Impotence, shame, disgust. Shame and disgust at myself.

And yet. Yet. Yet there must be joy.

The Pauline hope, the anticipation of the Eschaton: yes, in the fullness of time, every knee will bend, every mouth will proclaim that Jesus is Lord, and every tear will be wiped from every eye. And in the Heavenly Jerusalem, the martyrs will reign as gods in unimaginable joy, their glorified wounds illuminating the new Heavens and the new Earth.

But there must also be joy today. Because for as hard as it is for us in the Modern world, for us who are still infants crawling on the path to sanctity, as Christians we must view martyrdom as an occasion of joy and thanksgiving. Happy are you when you are persecuted for my sake, the Lord tells us. Happy are you when you receive the great privilege of being an icon of the Cross, a mirror of God’s glory revealed in the form of the Lamb slain from the foundation of the world, of being totally faithful to the Teacher.

As Ignatius the God-bearer writes: “Permit me to imitate my suffering God… I am God’s wheat and I shall be ground by the teeth of beasts, that I may become the pure bread of Christ.” Read Ignatius today.

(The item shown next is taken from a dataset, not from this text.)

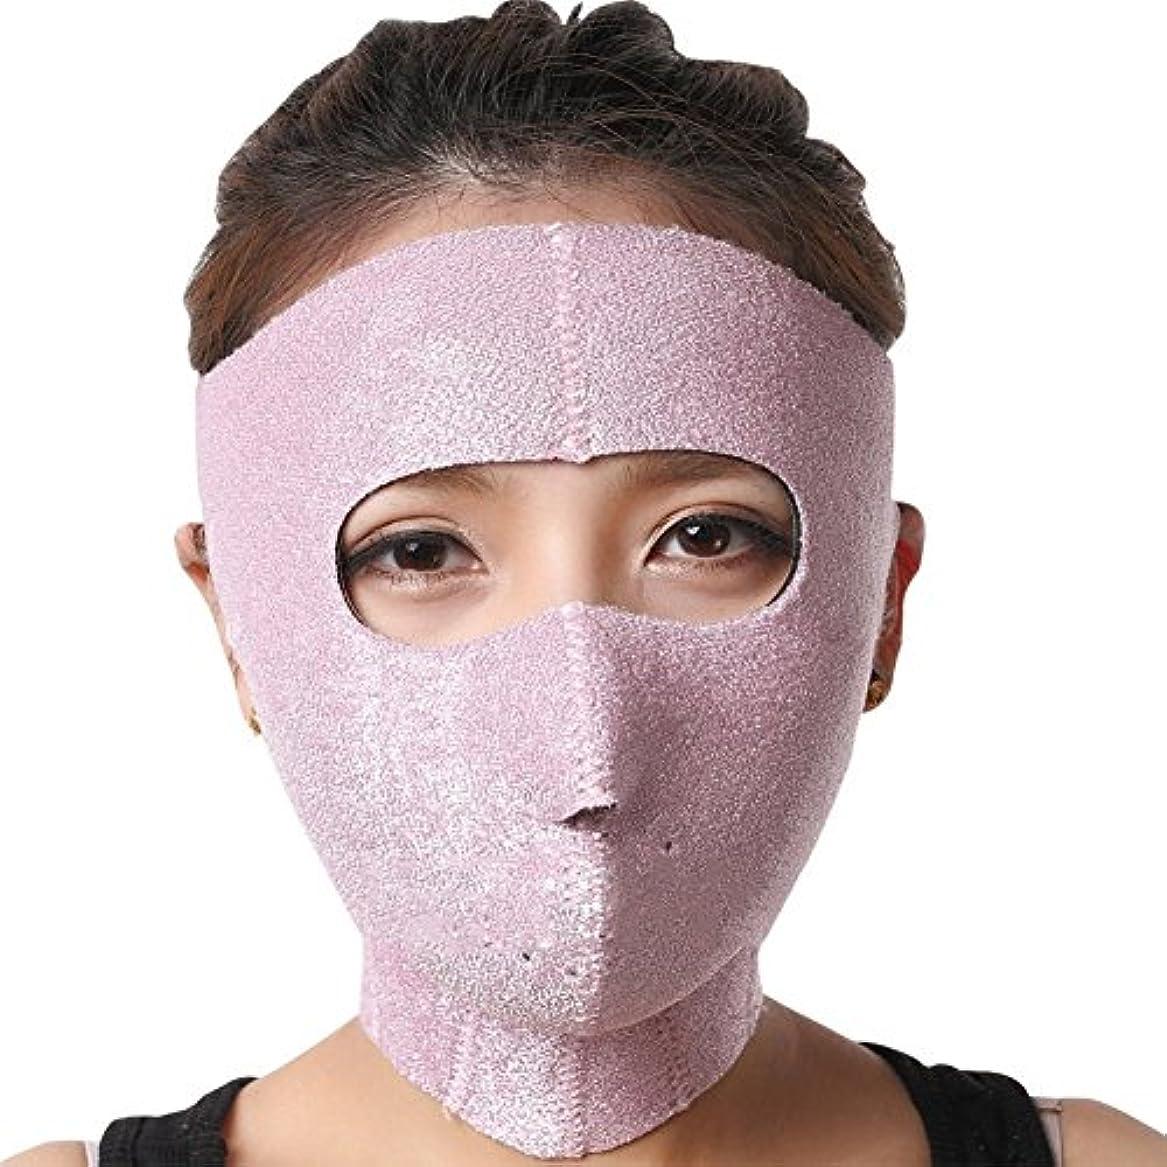 別の針ジャンル汗だくマスク 小顔 サウナ マスク 汗 発汗 フェイス 顔 TEC-KONARUD
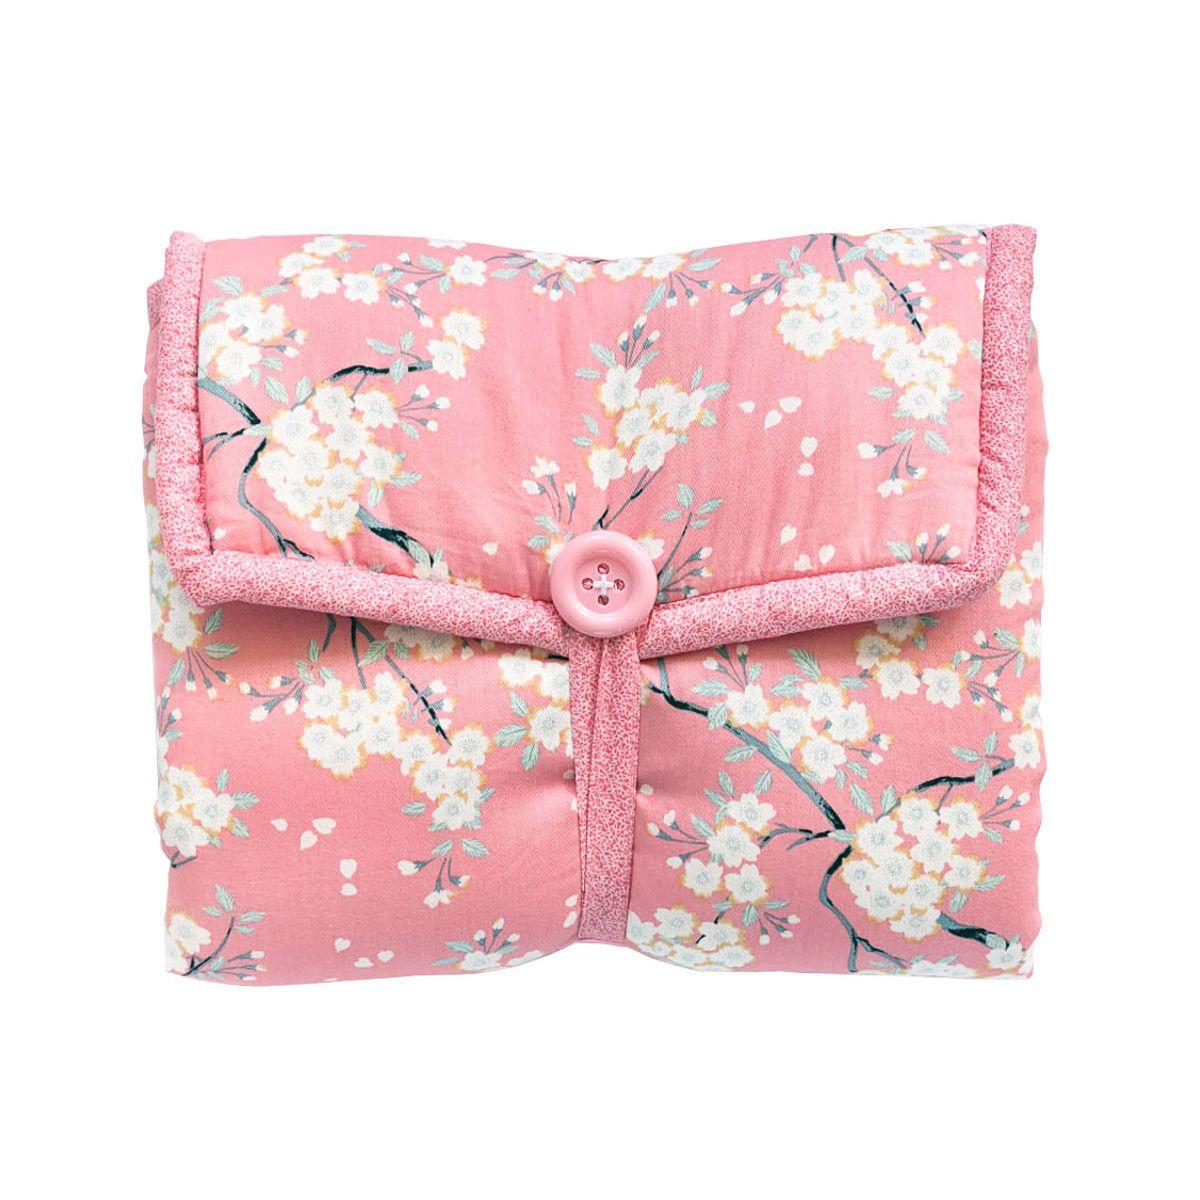 Tapis à langer nomade de voyage bébé coton éponge blanc et fleurs cerisiers rose

A contemporary hymn sings:

If the Father calls you to the work of apostleship,
Quiver with joy! Quiver with joy!
For your names are written forever in Heaven!
Quiver with joy! Quiver with joy!
For your names are written in the heart of God!

Through my tears, I must rejoice, for joy is the proper response of the Christian to martyrdom: joy of testimony, joy of fidelity, joy of Christlikeness, terrible joy of the Cross.

May all Christians give perfect testimony of the total love of Christ and give glory to God in the centuries of centuries.